Friday, November 30, 2012

WIP

I have not shown any WIP photos in a while. Most of the time, they are pretty boring. I decided to show this one because it's actually interesting looking. This is the lace doily cocoon vest. My yarn is Bergère de France Ecoton, which is a cotton/acrylic blend. It's knit side to side as one flat piece, and it does sort of look like a doily. I like the long stitches which shape the sleeve cap with a slightly ruffled look. An I-cord is threaded through the top eyelets to draw in the neckline. It's a pretty quick knit and I'm just at the halfway point. The pattern has errors in stitch counts but once I got a bit of it knitted, it was easy to figure it out without relying on the pattern to the letter. I see now that there is an errata available.

Sunday, November 18, 2012

Windsor Cardi, button bands, and knit one below

I just finished the Windsor Cardi from Knitscene Summer 2011 and I'm extremely happy with it. I love its quasi vintage look with its quasi steampunk buttons. The yarn is Valley Yarns Northfield, which is one of my favorite DK weight yarns.
I made 3/4 length sleeves and I knit them flat and tapered them. The pattern calls for straight sleeves, relying on the lace and ribbing to contract at the lower section for shaping, but I think that would result in sleeves that are just too loose at the forearms, and I like fitted sleeves. I used needles one size smaller in the midsection to give the body a tiny bit of shaping, but I don't know that it mattered much.

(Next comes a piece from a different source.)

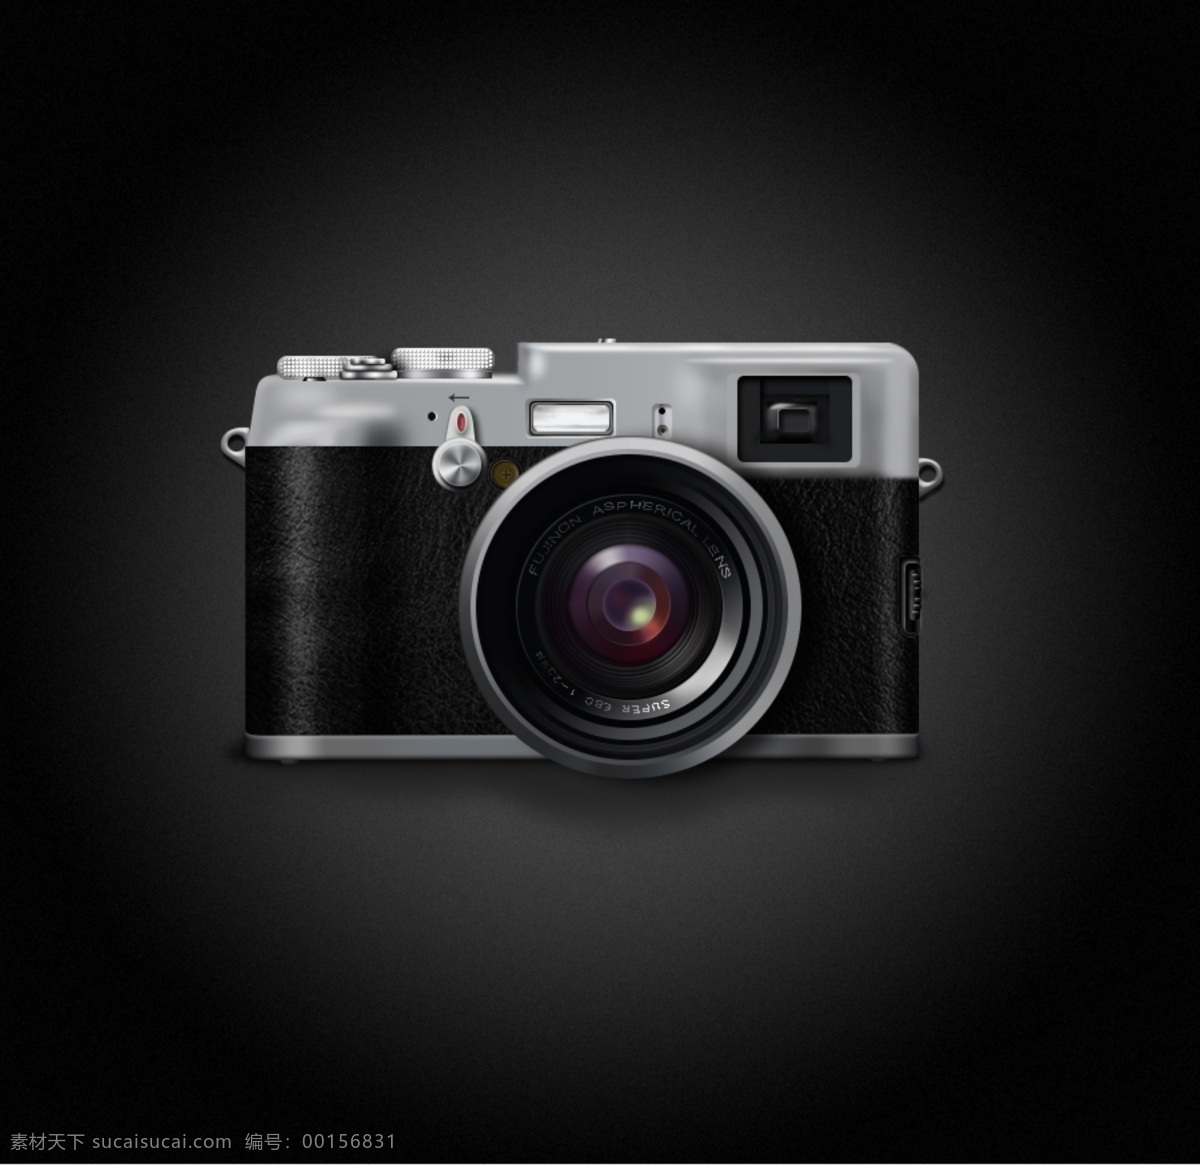 矢量图 相机 高清 现代科技 数码产品 相机矢量图 照相机 原件 相机原件 相机psd

I've been on the search for the holy grail of button bands for quite a while. I like button bands to be sturdy in order to prevent button band "gaposis" in fitted cardigans. Here are some of the things I've tried:

  • Knitting a separate double knit band and sewing it on -- It can be almost too thick and it's a pain to sew it on, even though I don't mind sweater seams.
  • Sewing a ribbon backing on the underside -- It's way too much work and I don't like the look and the band does not stretch.
  • Using a linen stitch -- This is okay, but I don't love the stitch pattern on a button band.
  • Using a needle size of a much finer gauge -- This is my favorite method for worsted weight yarns because you can achieve a pretty dense fabric that way.
  • Using an attached I-cord and leaving gaps for the button holes -- I love this method, but it does not look good on all sweater styles. Sometimes you just need a ribbed band.
For this sweater, I tried a swatch with a very small needle size, but with the DK yarn, it's just not thick enough. So, I decided to try using the knit-one-below technique. I made the 2x2 ribbing with K1b and P1b stitches. The stitches are slightly wider and shorter, but you get a fabric that is squishy and is about 50% thicker. I'm pretty happy with this method. My front button bands don't have very much of that strained pulled look that I hate. I used the same technique for the neck band. I ended up do the neckband first and the front bands go the full length.

I buried my button holes in the purl stitches. I've also been on the quest for the perfect sturdy button holes. These are almost there. They look pretty good and are extremely sturdy. Here's a close-up of the button bands. You can see that the ribbing has more separation between the knit stitches and the purl stitches look slightly different. The thickness is not obvious from the photo though. Another thing I like about this band is that knit stitches at the bottom do not scrunch up and curl under like they do with the normal ribbing.

Thursday, November 8, 2012

Stretchy bind-off

For the last three of my finished sweaters, I talked about using my new favorite stretchy bind-off wherein I do the knit stitches as Kf&b, pass the first stitch over the second, then pass the last bound-off stitch over that one. I thought I would ramble on a bit more about this bind-off and show some photos of swatches.

I'm mainly a sweater knitter, and a lot of sweaters use the K2 P2 ribbing to finish necklines, armholes, sleeve openings, and front bands. I like the K2 P2 ribbing, but I was always trying to get the perfect tension while binding off. Usually I end up using a needle size that is 2 sizes larger but that's not always the best tension because it depends upon the actual needle sizes. Also, I don't really like the look of looser stitches on the bind-off.

I tried the popular Jenny's super stretchy bind-off, but I don't like the big bump caused by the yarnover, and I found it too stretchy for ribbed necklines and such, since they don't need to stretch as much as socks do. Here's a swatch of the bind-off for just knit stitches, and you can see the bumps at the top.

I knew that I needed to add more yarn to the bind-off row to give it stretchiness, so I decided to just try doing a Kf&b, because that almost doubles the yarn length. It does have a thicker look on that last bind-off row, but it's not that bad, and it stretches about the same as Jenny's bind-off if I do it on every stitch.

So then I decided to try it with every other stitch, and I found that the stretchiness is just about right. The stitches with the Kf&b don't look that different from the stitches with a K only. I used a cable cast-on for the swatch, and this stretches about the same as the cast-on.

So, for K2 P2, I do Kf&b for just the knit stitches when binding off, and I've found that it always gives me just the right amount of stretch. It does not look that different from a normal bind-off in ribbing.